#### Task prompt:
Report every line of the data that includes "with".

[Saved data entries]
*** Begin section ***
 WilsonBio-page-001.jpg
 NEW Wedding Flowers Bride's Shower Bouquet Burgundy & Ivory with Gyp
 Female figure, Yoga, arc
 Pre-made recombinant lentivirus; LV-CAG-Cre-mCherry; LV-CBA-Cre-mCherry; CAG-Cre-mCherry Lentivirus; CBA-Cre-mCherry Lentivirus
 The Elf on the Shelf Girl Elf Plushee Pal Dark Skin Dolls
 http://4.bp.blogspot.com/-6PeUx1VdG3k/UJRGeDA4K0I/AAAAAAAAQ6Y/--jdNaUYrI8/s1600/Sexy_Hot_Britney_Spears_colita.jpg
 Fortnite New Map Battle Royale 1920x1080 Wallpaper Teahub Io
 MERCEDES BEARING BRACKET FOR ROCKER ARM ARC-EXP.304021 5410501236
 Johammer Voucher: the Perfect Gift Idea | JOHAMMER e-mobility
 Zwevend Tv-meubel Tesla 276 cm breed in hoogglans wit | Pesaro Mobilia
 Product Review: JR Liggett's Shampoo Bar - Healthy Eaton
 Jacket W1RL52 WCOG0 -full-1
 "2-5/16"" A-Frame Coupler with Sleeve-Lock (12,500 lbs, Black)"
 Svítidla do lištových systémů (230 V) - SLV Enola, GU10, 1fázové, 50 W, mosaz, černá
*** End section ***
#### Task answer:
 NEW Wedding Flowers Bride's Shower Bouquet Burgundy & Ivory with Gyp
 "2-5/16"" A-Frame Coupler with Sleeve-Lock (12,500 lbs, Black)"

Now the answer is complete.